In order to capitalize on VRTX stock’s consistent performance, we will look for a covered call that will allow us to reap the benefits of the company’s encouraging prospects while taking in additional premium gained from selling a call against the stock. The premium from our sold call will also provide us a cushion in the case that the stock should take a downward turn.

While we can expect the stock to continue to hold its own, we should be aware of the possibility that we may have to sell the shares at the strike price of our call. Given past performance, VRTX is unlikely to make the sudden upward spike that could cause our shares to be called away.


Chart courtesy of

We will buy 100 shares of VRTX stock trading at $123.08. At open, we will sell a July ‘15 $120 call for $11.00 against those shares. We pay $12,308.00 for our 100 shares of VRTX while we receive $1100.00 for the call option. This gives us a total investment of $11,208.00, or $112.08 per share. Our target return for this trade is 7.1%. To cause a problem for us, VRTX stock will have to drop by 8.9%.  

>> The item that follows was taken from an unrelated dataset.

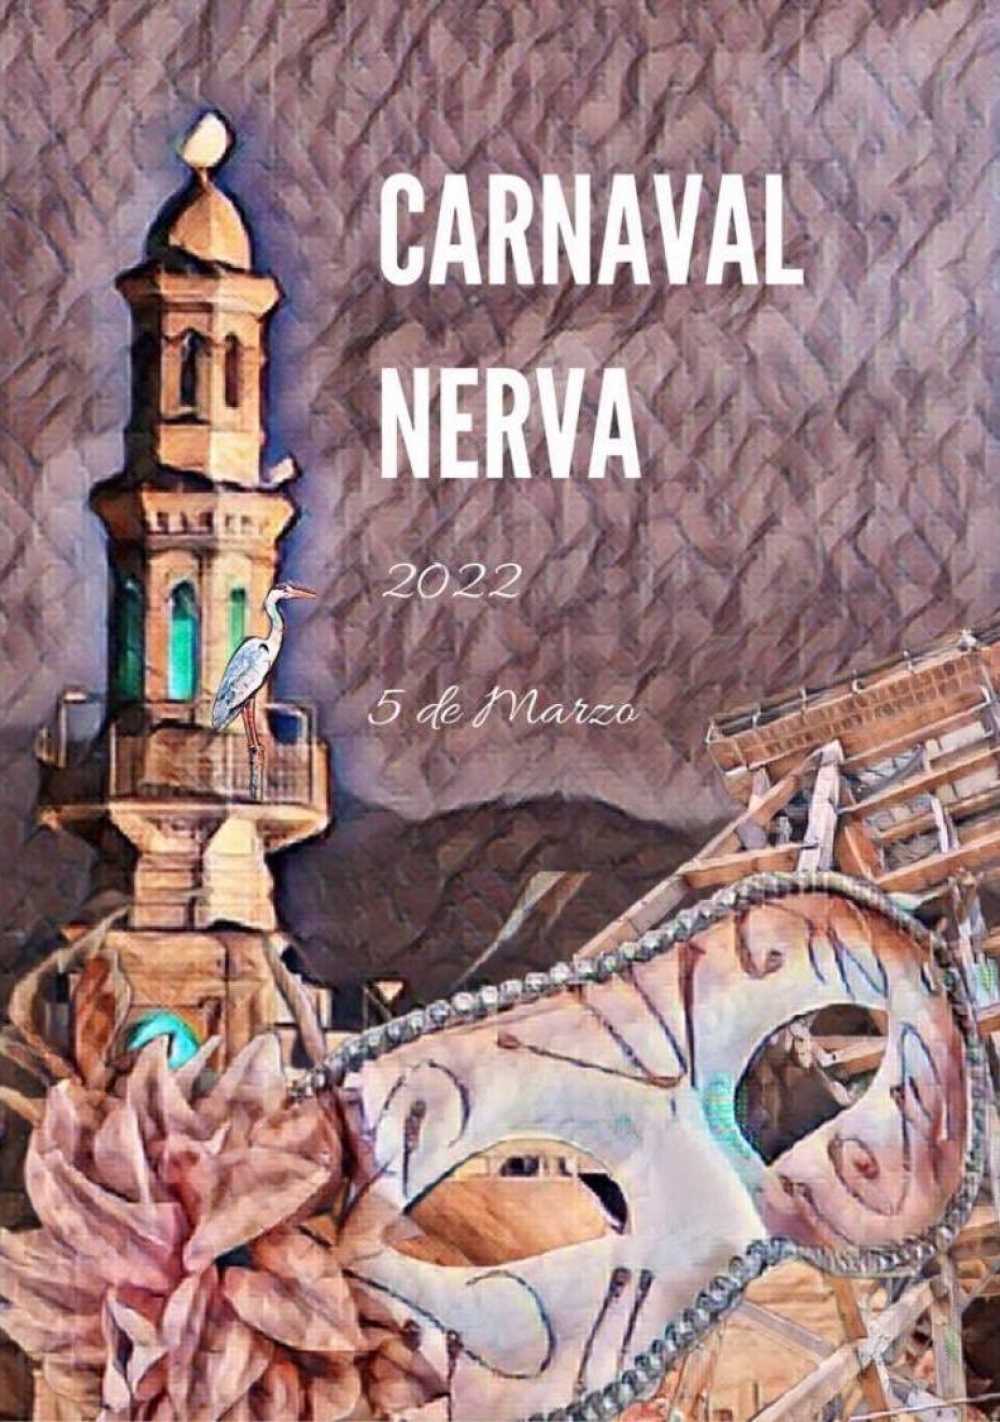 Carnaval Nerva 2022

Let’s look at the possible outcomes of our trade:

At expiration, VRTX may be above the strike price of $120.00 In this case, our call will be assigned and we will sell our shares at $120.00, which is slightly more than we paid initially. Since we received that $11.00 per share credit up front, our actual cost basis is $112.08. This means that by selling at $120.00 we take in a profit of $7.92 per share.

On the other hand… at expiration, the price of VRTX stock could be below $120. In this case, our sold call will expire worthless and we will get to keep both the original credit we got for selling it and our underlying shares.  At that point we will be able to sell another call if we like and continue to take in profits.